WORK TASK -
Beneath this instruction is a block of data; output from it exactly the lines that run from the one containing "Velebit mountain peaks" through the one containing "Freydenberg_Trans_Flower_Butterfly_19.jpg", inclusive.

INPUT DATA -
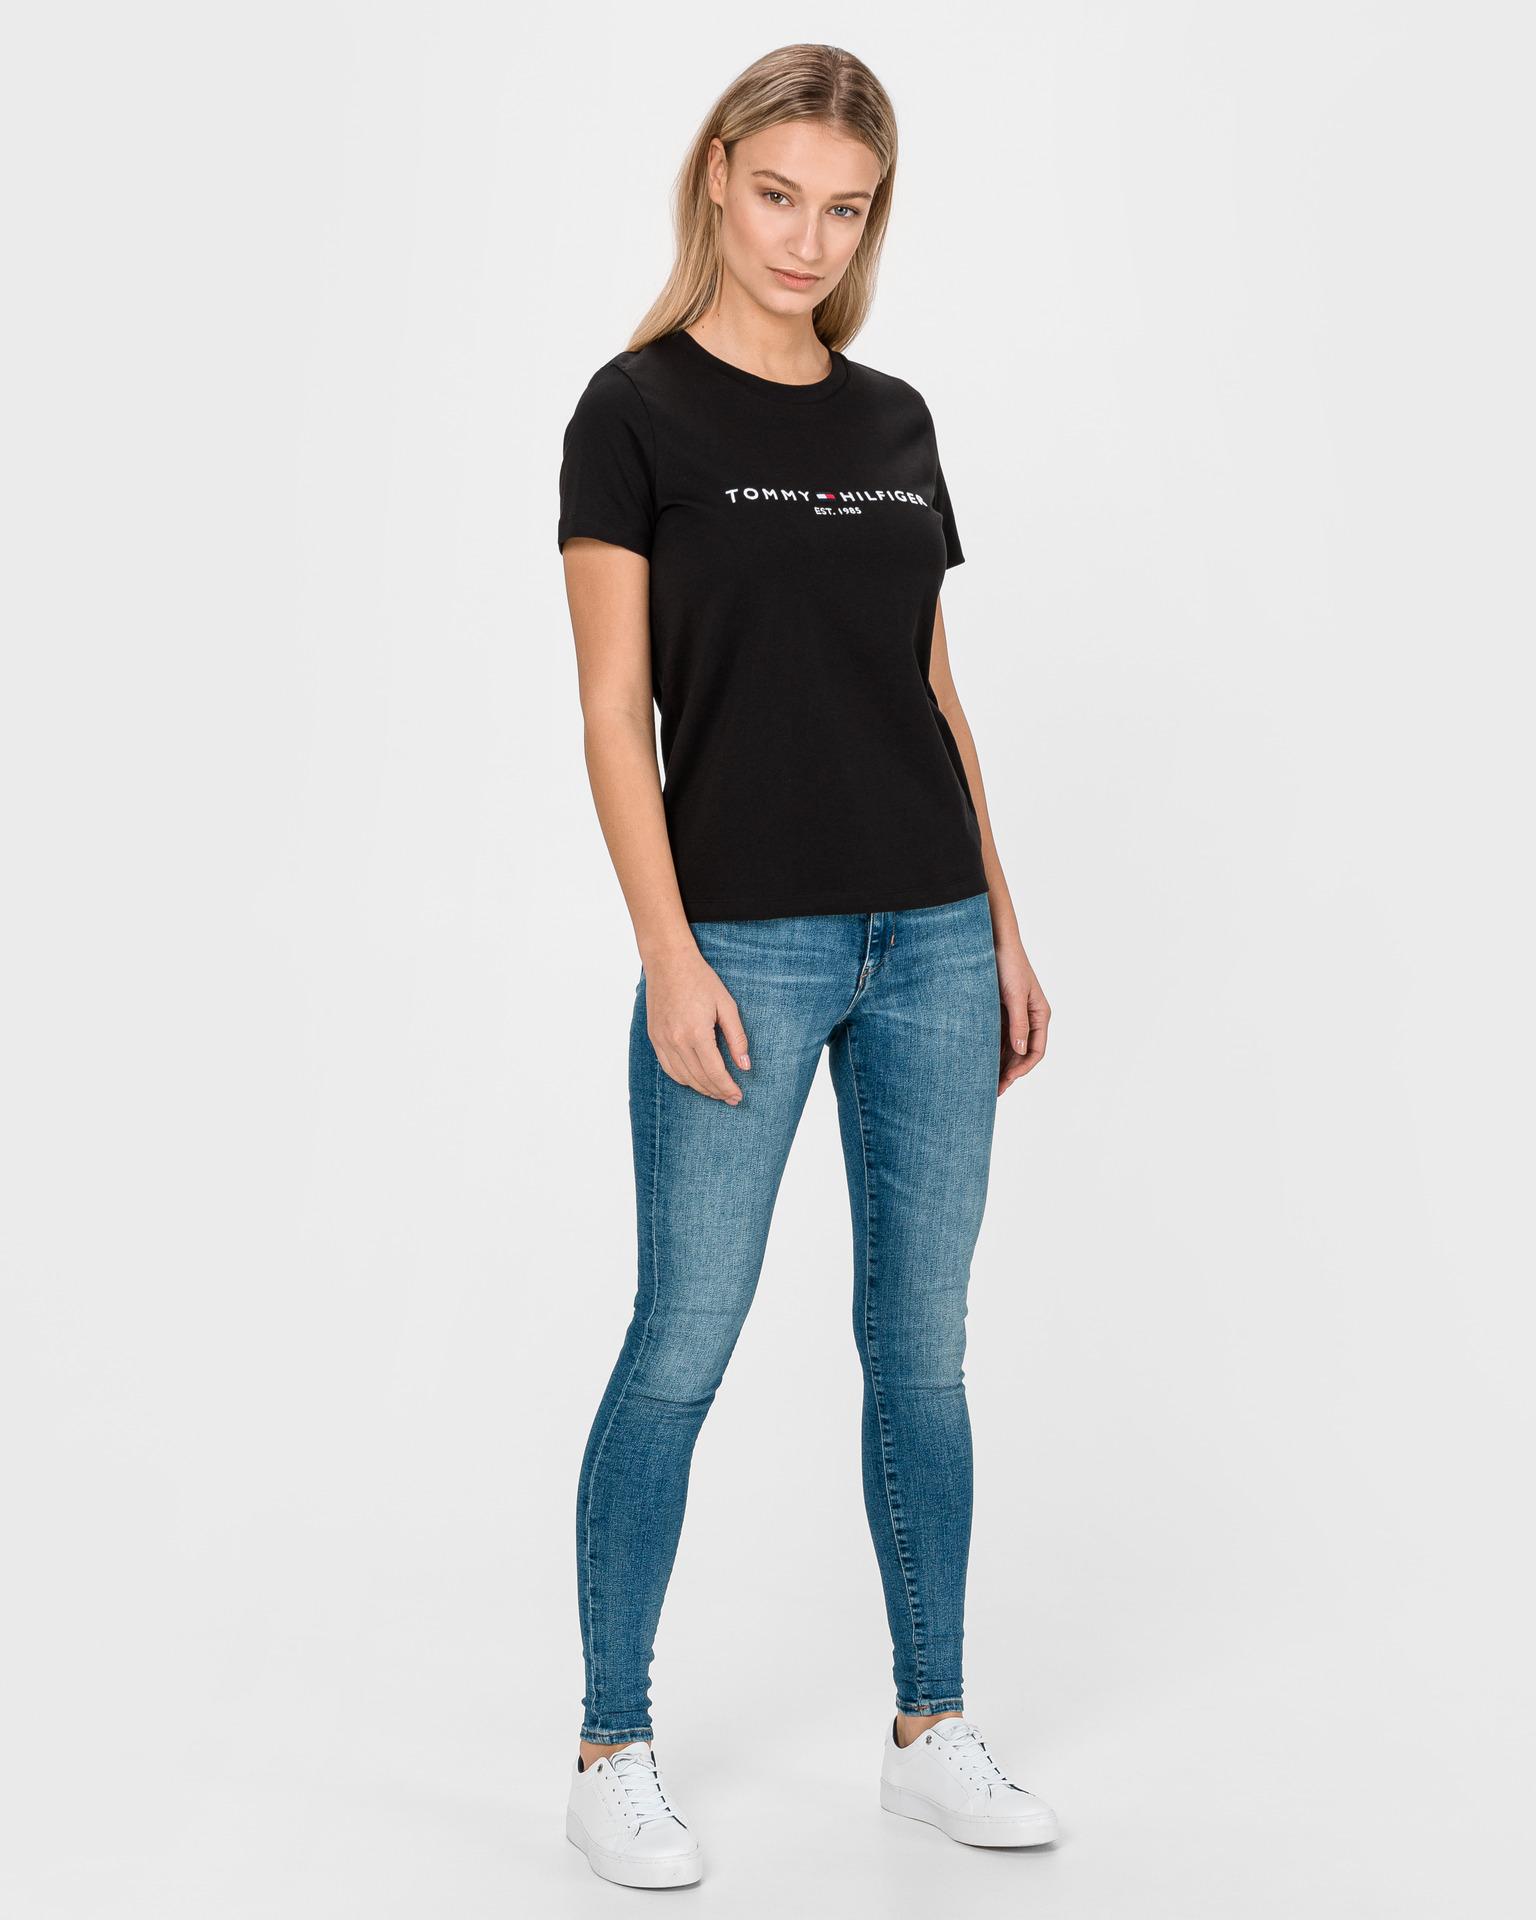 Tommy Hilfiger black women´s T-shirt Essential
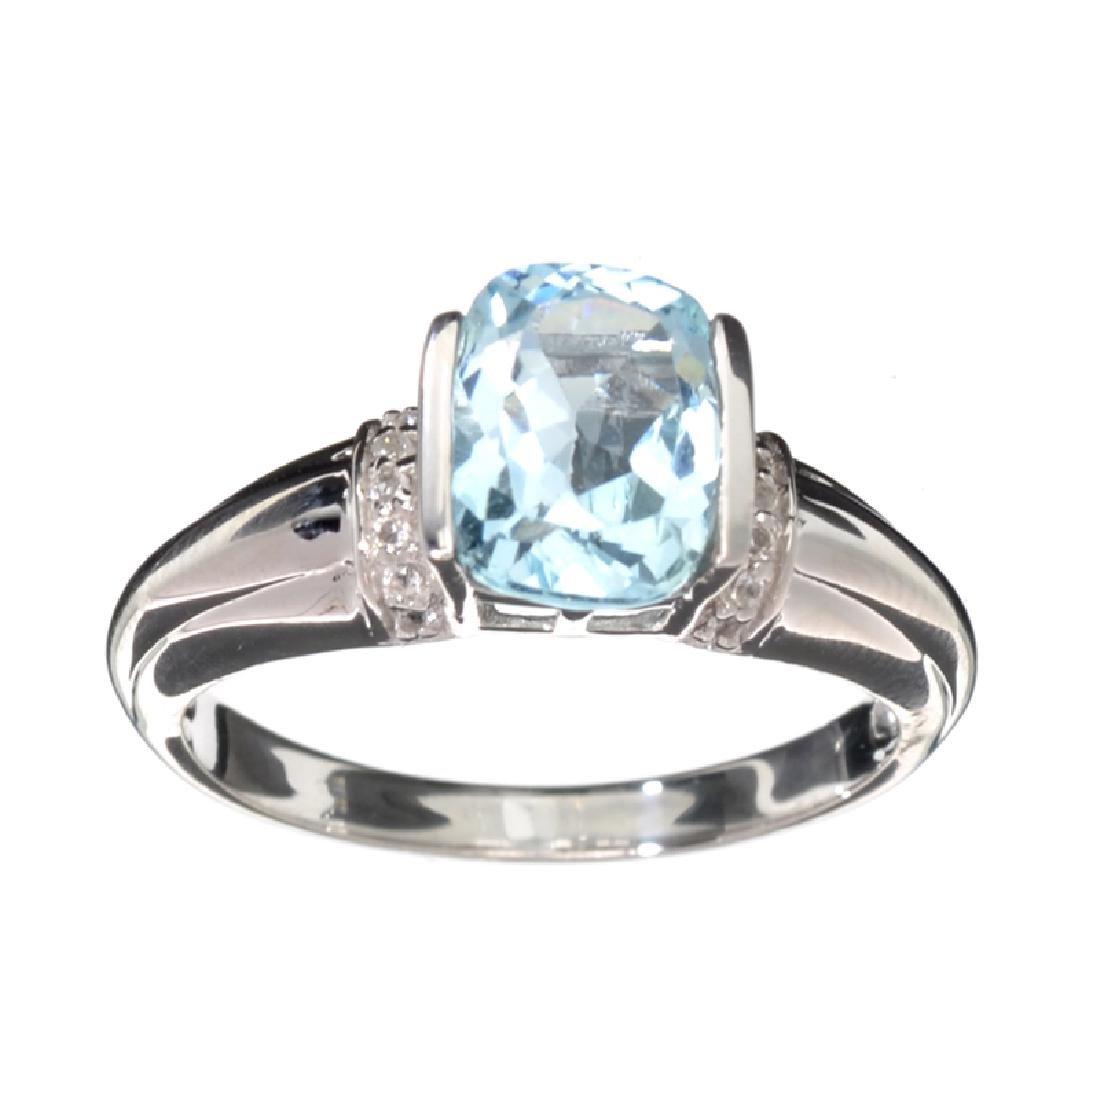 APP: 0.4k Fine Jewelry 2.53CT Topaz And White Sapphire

--

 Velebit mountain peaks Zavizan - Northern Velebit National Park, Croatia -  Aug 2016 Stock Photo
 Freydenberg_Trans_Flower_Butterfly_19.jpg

EXERCISE RESULT -
 Velebit mountain peaks Zavizan - Northern Velebit National Park, Croatia -  Aug 2016 Stock Photo
 Freydenberg_Trans_Flower_Butterfly_19.jpg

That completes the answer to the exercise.